**Records:**
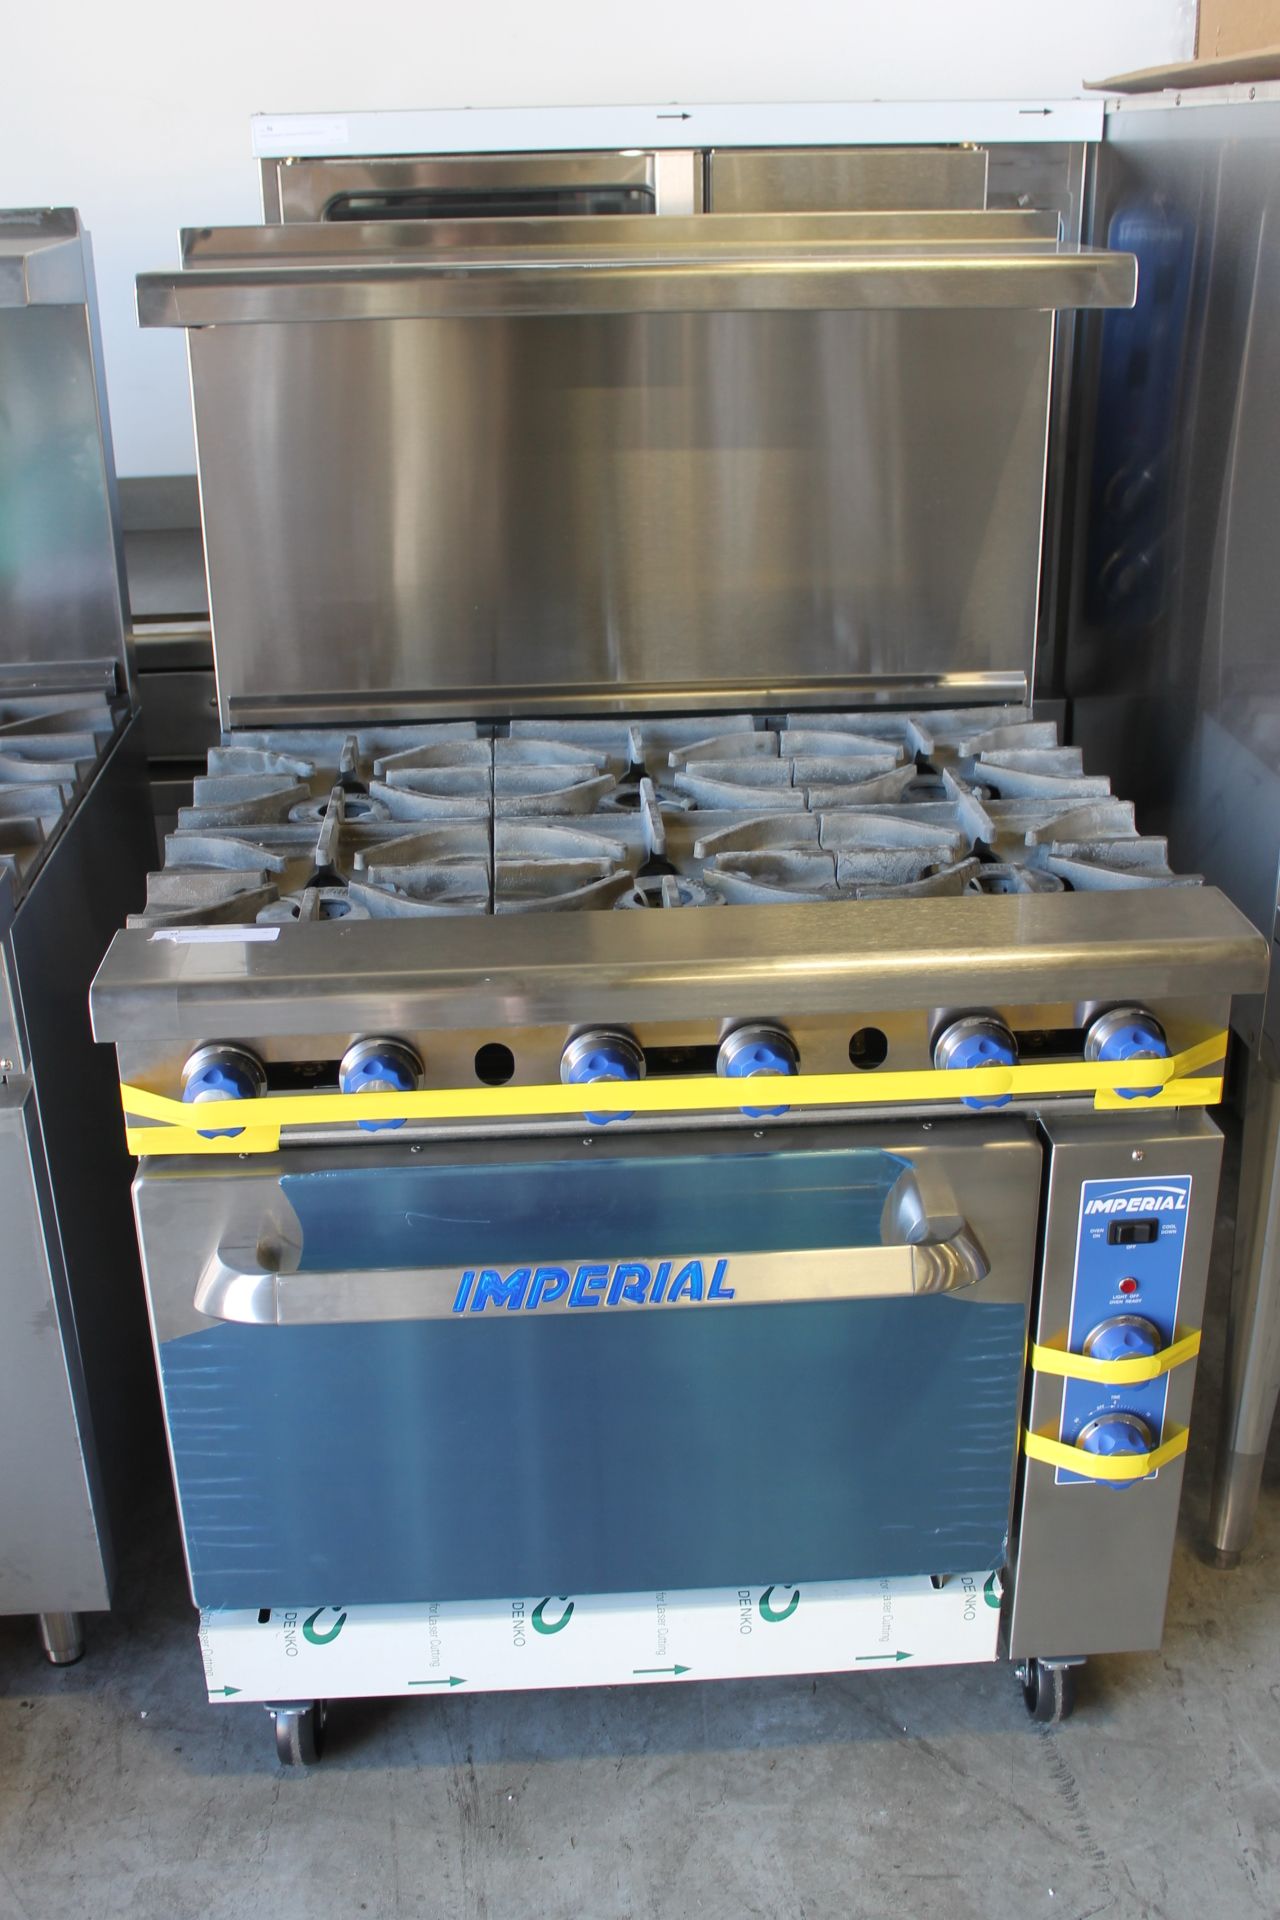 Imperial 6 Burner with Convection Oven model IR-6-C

==

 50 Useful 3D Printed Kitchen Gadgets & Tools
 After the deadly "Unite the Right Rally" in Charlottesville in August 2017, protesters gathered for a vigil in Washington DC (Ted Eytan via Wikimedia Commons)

**Activity:**
Set down only the lines above that fall between the line holding "50 Useful 3D Printed Kitchen Gadgets & Tools" and the line holding "After the deadly", inclusive, keeping each exact.

**Response area:**
 50 Useful 3D Printed Kitchen Gadgets & Tools
 After the deadly "Unite the Right Rally" in Charlottesville in August 2017, protesters gathered for a vigil in Washington DC (Ted Eytan via Wikimedia Commons)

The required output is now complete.